** What is expected **
Every line holding the string "monograph" is to be copied from the entries below.

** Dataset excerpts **
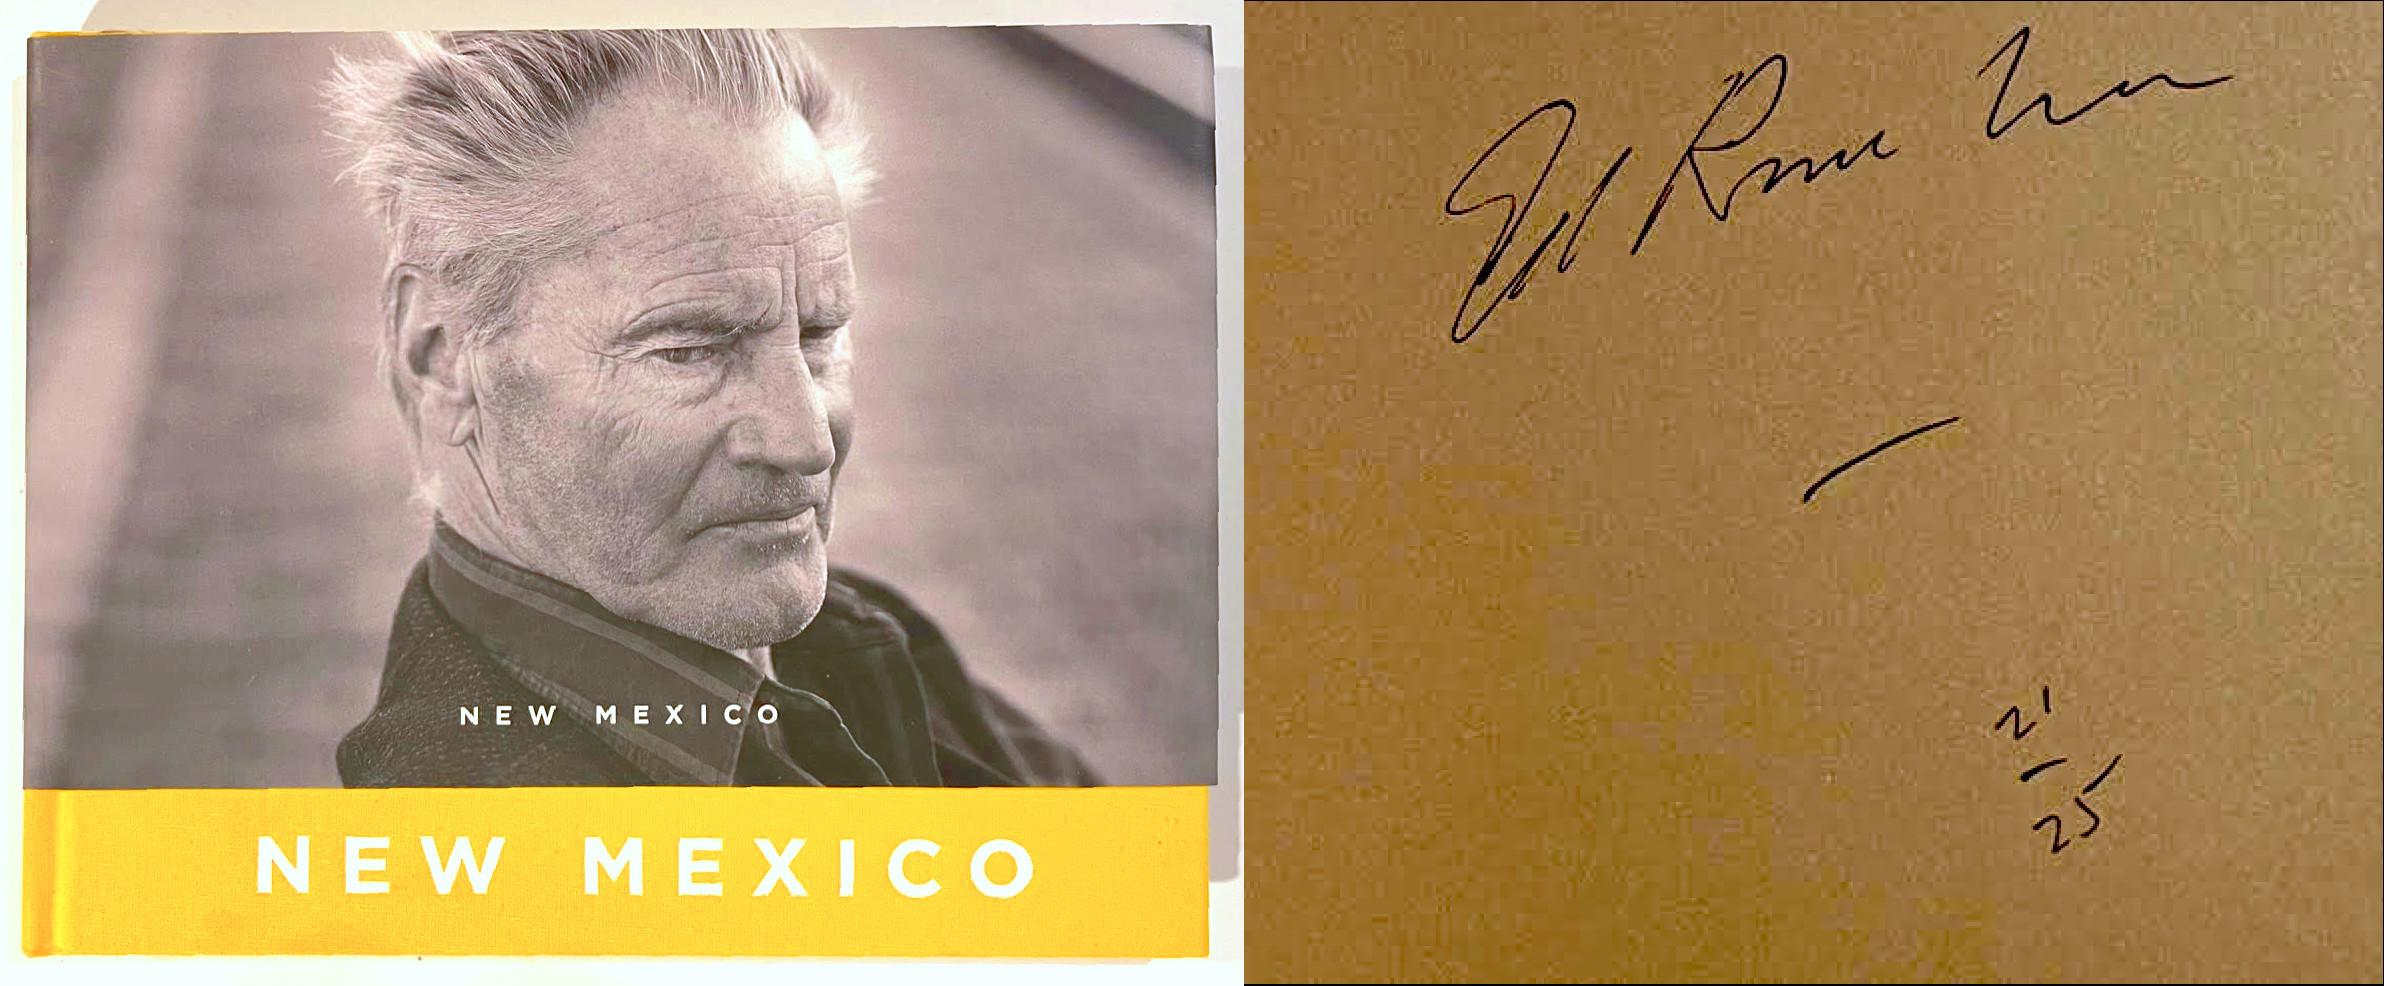 Ed Ruscha
New Mexico (Limited Edition monograph, hand signed and numbered by Ed Ruscha), 2020
Hardback monograph (Signed and numbered by Ed Ruscha)
Boldly signed and numbered 21/25 by Ed Ruscha.
8 1/4 × 10 1/2 × 1 inches
Limited Edition of 25

** Answer for the task **
New Mexico (Limited Edition monograph, hand signed and numbered by Ed Ruscha), 2020
Hardback monograph (Signed and numbered by Ed Ruscha)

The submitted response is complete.